Layer serialization from C++


#1

I’m trying to isolate TVM inference discrepancies between Android (arm64 (not working)) and Ubuntu (x86_64 (working)) platforms using a modified version of the from_mxnet.py resnet 18 + cat example with a Vulkan back end. I’d like to dump output for each layer to see where things diverge. After calling run() with valid input, What is the best way to dump output for all layers from the C++ SDK to support this analysis (not just the final layer)?


#2

As discussed here, we can create a debug runtime with tvm.graph_runtime_debug.create and we can use the get_output_by_layer packaged function (or debug_get_output) call for this.

[EDIT: gist translated to a complete github repo here]

Using the C++ debug_get_output packaged function calls require the output DLTensor argument to be pre-allocated with the correct parameters, like this:

TVMArrayAlloc(shape.data(), shape.size(), dtype_code, dtype_bits, dtype_lanes, device_type, device_id, &layer_output2);

These properties are current parsed while loading the JSON file, but they are private member variables of TVM’s C++ GraphRuntime class, so I ended copy-and-pasting the JSON parsing code from GraphRuntime into the C++ example in order to expose those types to support the required allocations. I didn’t see any other way to do this in TVM, but I might be missing something.

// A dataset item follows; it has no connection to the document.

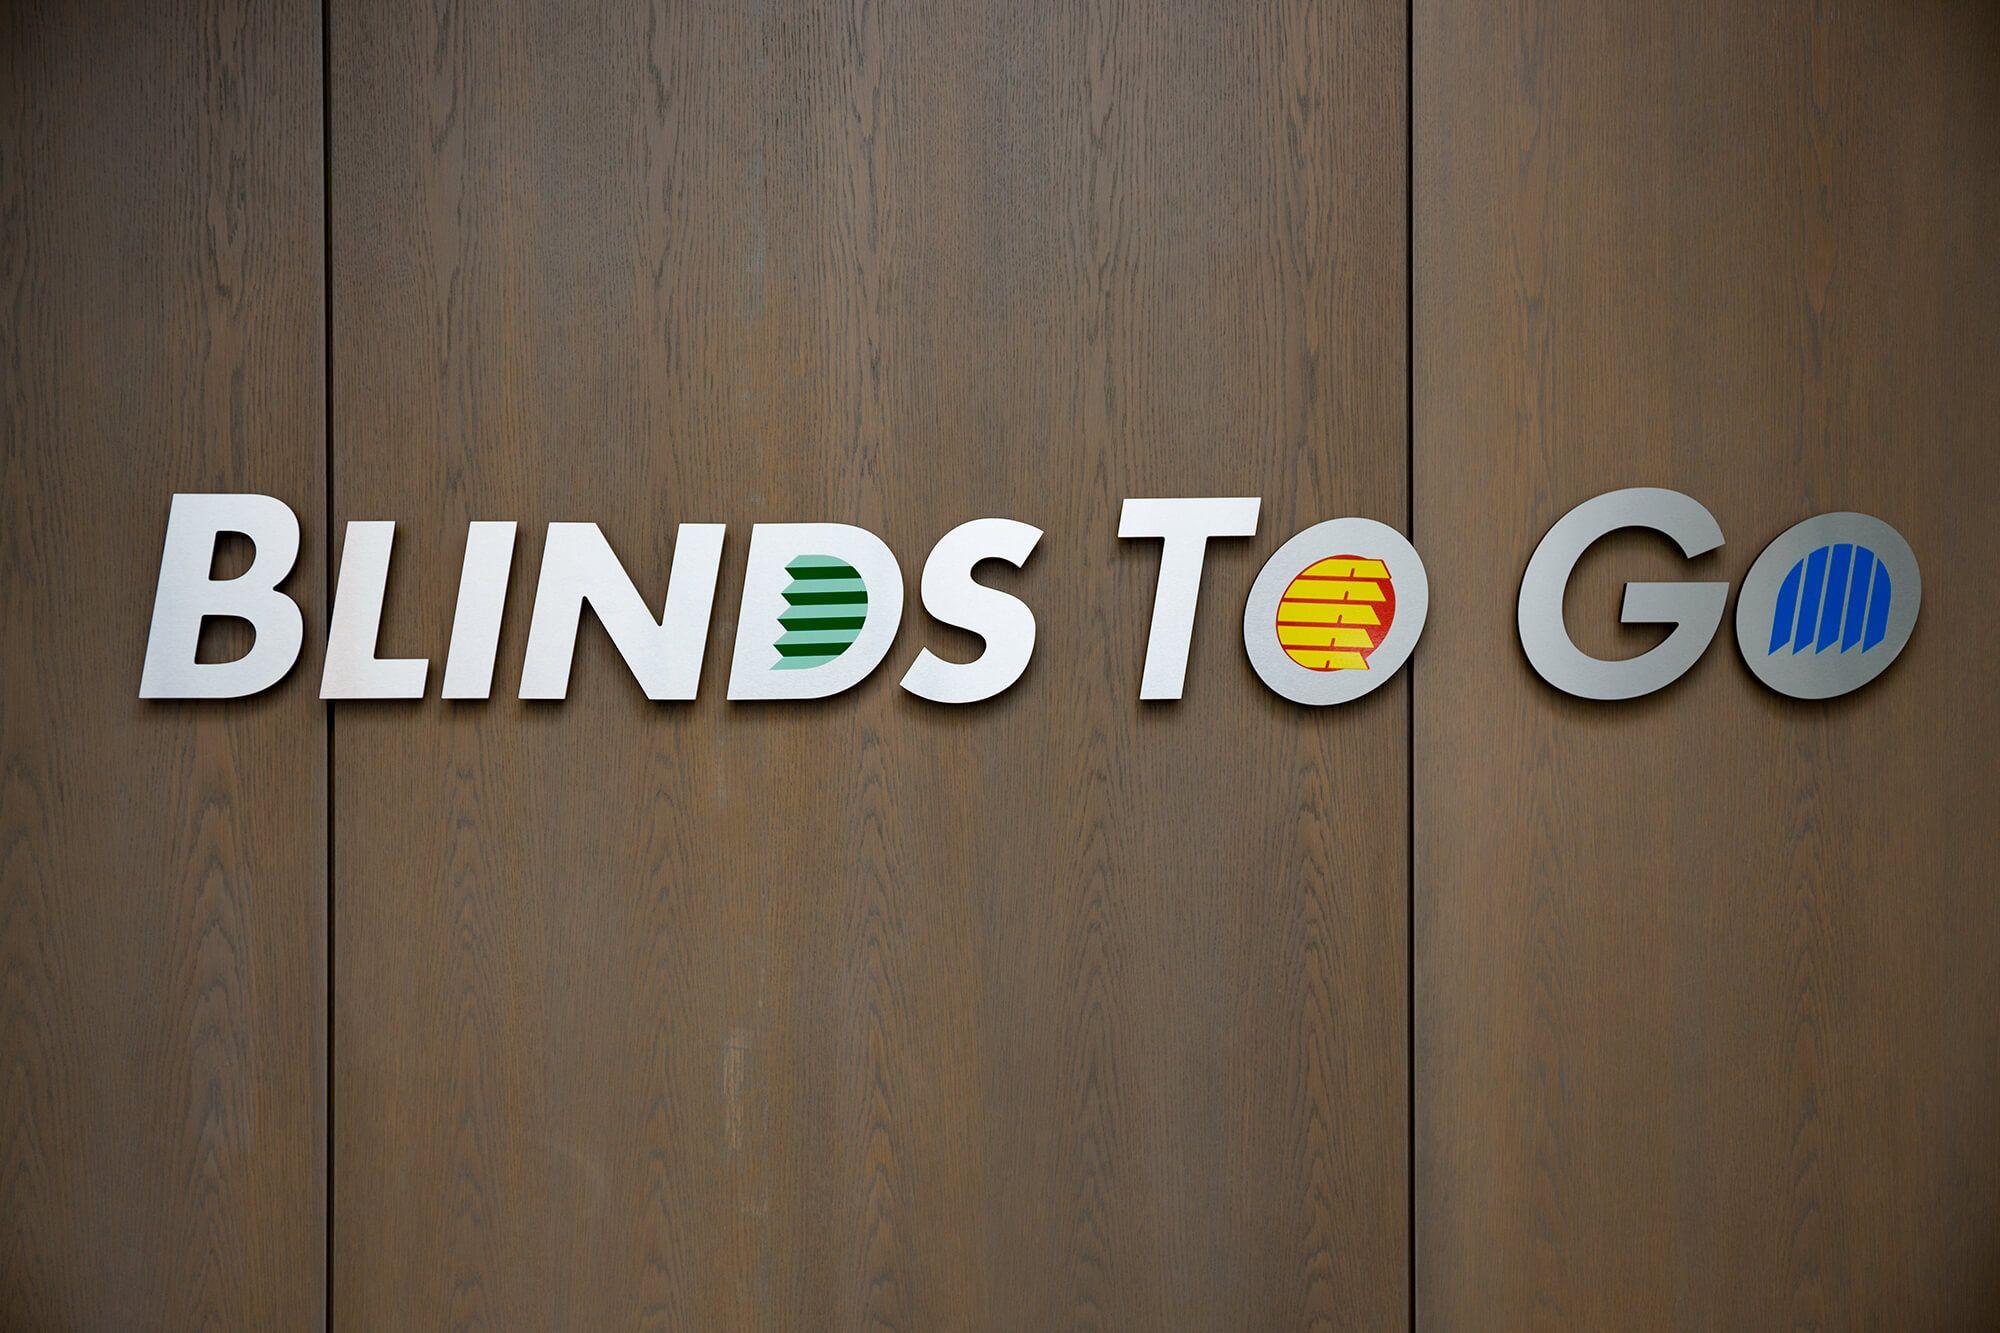 Blinds To Go logo on wooden background.

After adding that, I noticed the get_output_by_layer call, which does’t require pre-allocation of the DLTensor output, that seems to return internal DLTensor pointers by value, so the GraphRuntime mod is not required in that case. I simply call run() and then iterate over each layer to perform the logging. In that case we still need to know the # of layers to iterate over, which doesn’t seem to be exposed in the existing API.